Cathie Wood is enjoying her comeback year. The founder, CEO, and chief investment officer of Ark Invest isn't back to her blowout performance of 2020, but after back-to-back years of brutal returns, Wood is beating the market again in 2023. Her flagship fund is up 22% this year. 

What is she buying these days? Ark puts out its daily transactions. She added to her positions in Block (SQ -0.46%), Genius Sports (GENI 2.99%), and Teladoc Health (TDOC -3.06%) on Monday. Let's take a closer look.

1. Block

Wood's feast and famine over the past couple of years parallels the highs and lows of fintech, in general, and Block, in particular. Investors poured into the the next-gen players that are making digital payments accessible to the masses in 2020.

The company formally known as Square saw its stock more than triple in 2020. It would go on to give it all back in the two subsequent years, but it's beating the market so far this young year with a 19% gain.

Block's CashApp is thriving as a payments app. It begins this year with 51 million monthly transacting actives, 16% more than it had on its platform a year earlier. The original Square ecosystem, which helps merchants large and small process credit card transactions, is also holding up well. Gross profit for Square rose 30% in 2022, even as the stock went the other way.

A store clerk at a bike shop ringing up a customer on a Square register.

Image source: Block.

Even Block's crypto business -- a drag on its performance, as Bitcoin (BTC 3.23%) fell out of favor last year -- has been a good place to be in 2023. The leading cryptocurrency has soared nearly 70% this year, moving even higher this month as an ironic flight to quality when traditional banks started to buckle. 

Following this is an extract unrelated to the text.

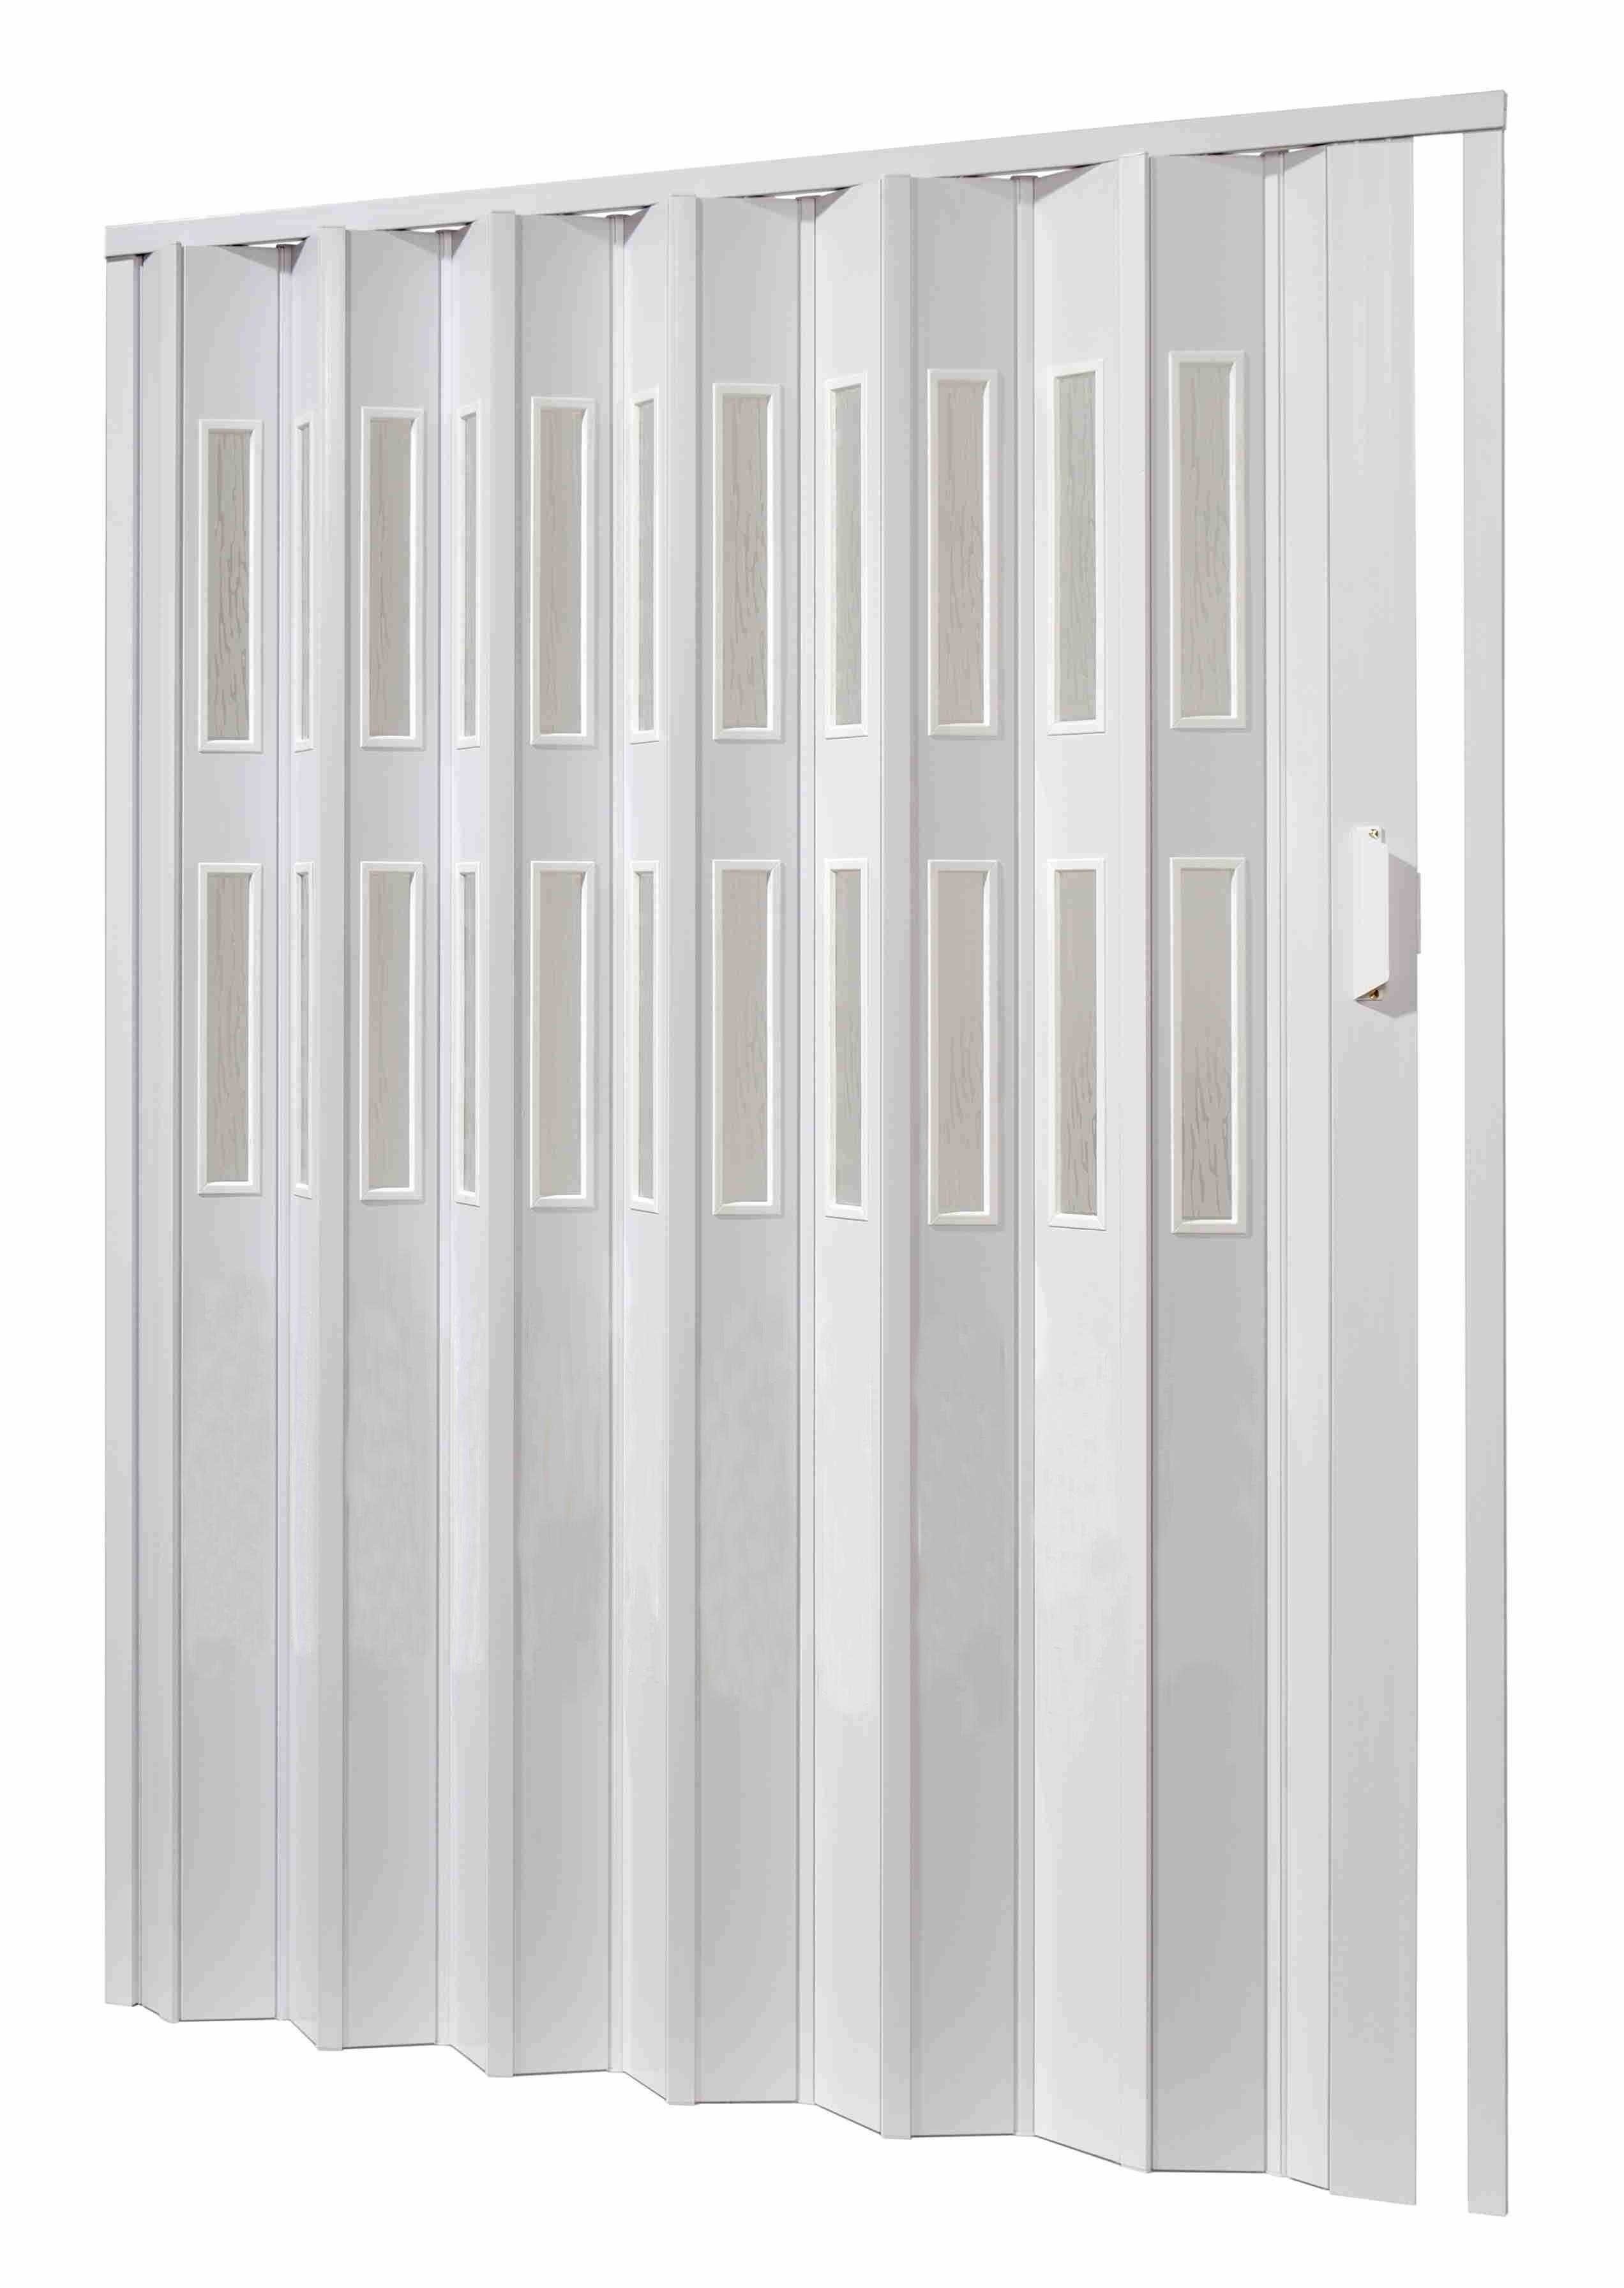 Shrnovací dveře plastové PETROMILA 163x200cm ODSTÍN: BÍLÁ, TYP DVEŘÍ: plné

Block still has a long way to go in its recent redemptive path. The shares are still 74% below their peak two summers ago. Wood relishes buying quality growth stocks at opportunistic price points. She seems to have that with Block at this time. 

2. Genius Sports

If you think Block's 74% slide from its 2021 all-time high is amazing, Genius Sports has it beat, with an 84% plunge since its peak nearly two years ago. The company is a provider of data and software solutions for the gambling, sports, and media industries. Interest in live sports has recovered to pre-pandemic levels, and Genius Sports would seem to be a logical beneficiary. 

The company is the stat-keeping partner of many teams and even entire leagues. It has data that fans, gamblers, and media outlets need.

Revenue has risen at least 30% in each of the past four years, including a 76% top-line surge in 2021. A lack of profitability has kept it out of favor, but it's getting better on that front. Analysts see Genius Sports posting a profit on an adjusted basis next year.

3. Teladoc Health

Things can get worse than being a shareholder of Block or Genius Sports at an all-time high. Teladoc Health has plummeted 92% since its early 2021 peak. Wood doesn't mind. She added Teladoc to four of Ark Invest funds on Monday.

Teladoc is a pioneer in telehealth, and it was an early darling during the COVID-19 crisis. Virtual medical consultations were necessary when in-office visits weren't safe, and Teladoc's business took off.

Things are different now, and growth is decelerating. Teladoc's revenue rose 18% in 2022, a far cry from the 98% and 86% increases it pulled off in the two previous years. Guidance in 2023 calls for a 6% to 11% move higher in revenue. 

Losses continue, and Teladoc announced layoffs earlier this year. There's still a place for telemedicine stocks in the new normal, but competition has gotten more intense, with players scrambling for market share in a period of slowing industry growth. Despite the stock's massive slide over the past two years, Teladoc joins Block as one of Wood's 10 largest holdings across the Ark Invest funds.